5. De mondstukkeuze van het watergordijnsysteem moet aan de volgende eisen voldoen:
1) Het brandscheidingswatergordijn moet een open sprinkler of een watergordijnsproeier gebruiken;
2) Het beschermende koelwatergordijn moet het watergordijnmondstuk aannemen.
6. De zijwandsproeierkop kan worden gebruikt voor het handmatige watersproeiende beschermende koelsysteem.
7. Op de volgende plaatsen moeten snel reagerende sprinklers worden gebruikt. Als er snel reagerende sprinklers worden gebruikt, moet het systeem als een nat systeem worden beschouwd.

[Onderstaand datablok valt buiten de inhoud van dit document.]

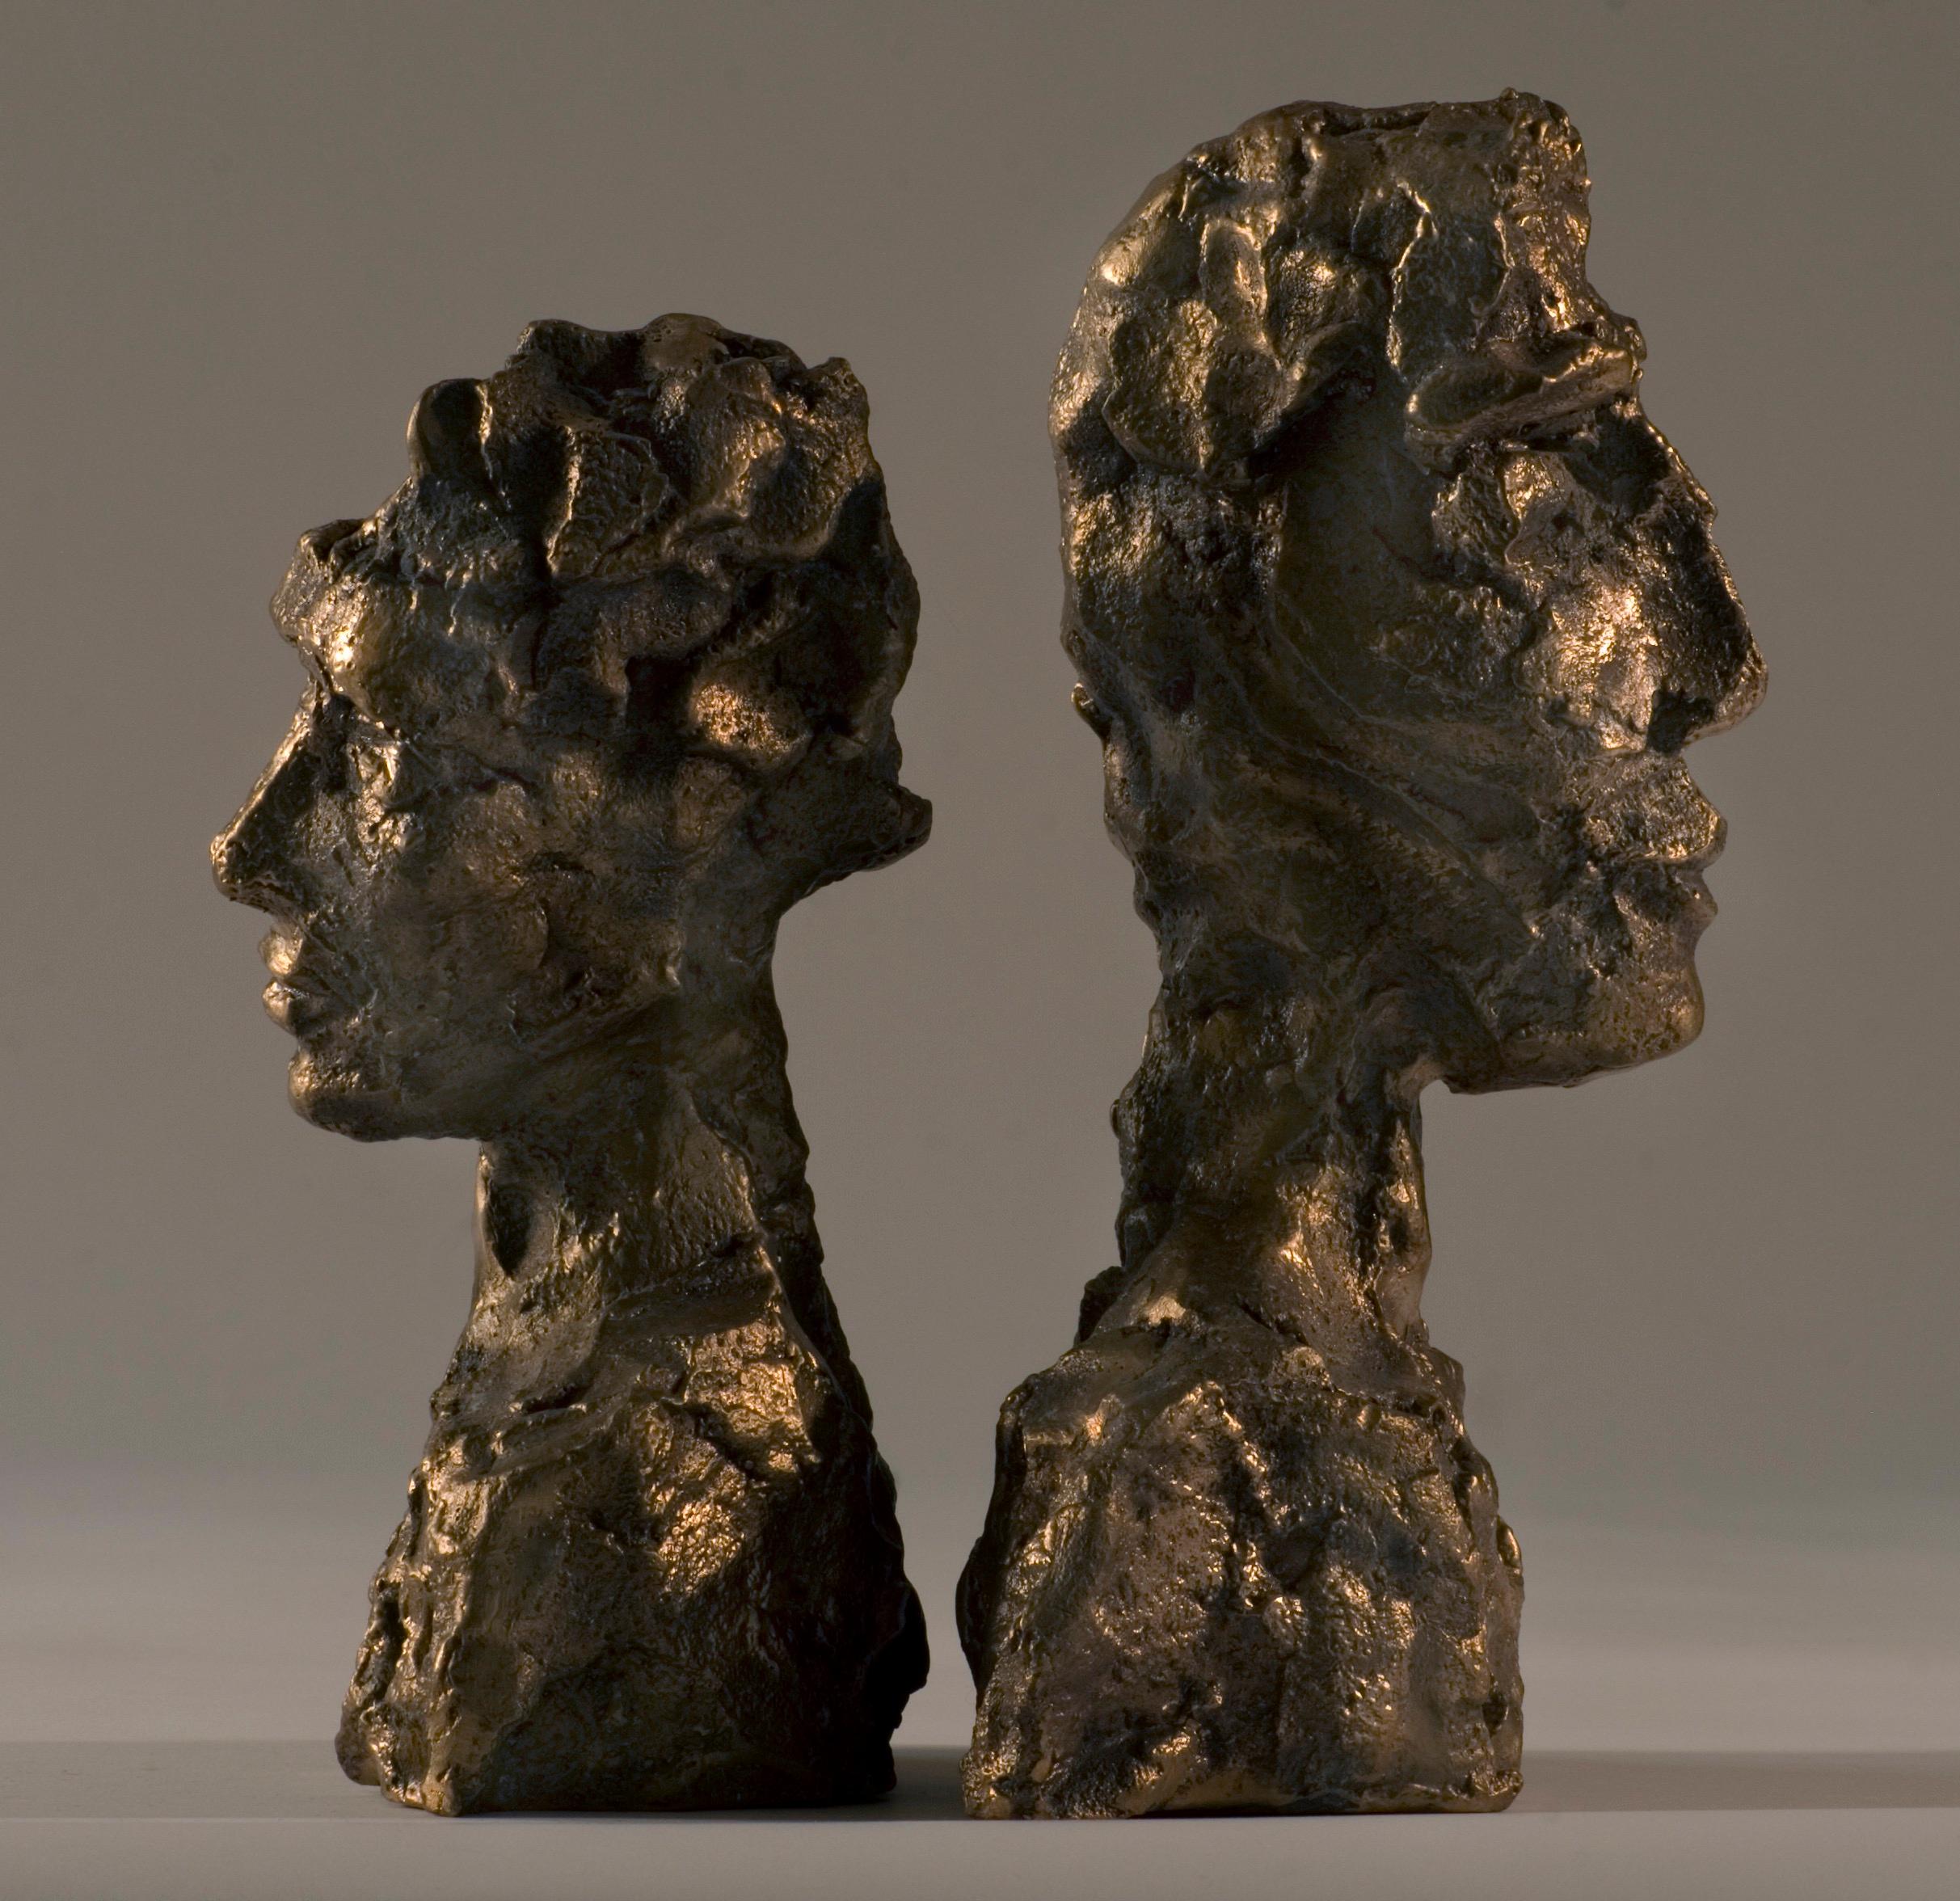 Modern 21st Century Raw Bronze Contemporary Sculpture, 'Emotion' by Margit Wittig For Sale

1) Openbare uitgaansgelegenheden en atriumgangen;
2) Afdelingen en behandelruimtes van ziekenhuizen en sanatoria, en collectieve activiteitenplekken voor ouderen, kinderen en gehandicapten;
3) Vloeren die de watertoevoerhoogte van de brandpompadapter overschrijden;
4) Ondergrondse commerciële plaatsen.
8. In hetzelfde compartiment moeten sprinklers met een vergelijkbare thermische gevoeligheid worden gebruikt.
9. Soortgelijke sprinklers moeten worden gebruikt in het beschermingsgebied van het overstromingssysteem.
10. Het handmatige sprinklersysteem moet zijn uitgerust met standby-sprinklers, waarvan het aantal niet minder dan 1% van het totale aantal mag bedragen, en elk model niet minder dan 10.
2、Alarmklepgroep

Natte alarmklep Deluge alarmklep Automatisch sprinklersysteem (1)
1. Het handmatige sprinklersysteem moet zijn uitgerust met een alarmklepgroep. Het gesloten systeem dat stalen dakspanten en andere bouwcomponenten binnenshuis beschermt, moet worden uitgerust met een onafhankelijke nationale alarmklepgroep. Het watergordijnsysteem moet zijn uitgerust met een onafhankelijke nationale alarmklepgroep of een temperatuurgevoelige overstromingsalarmklep.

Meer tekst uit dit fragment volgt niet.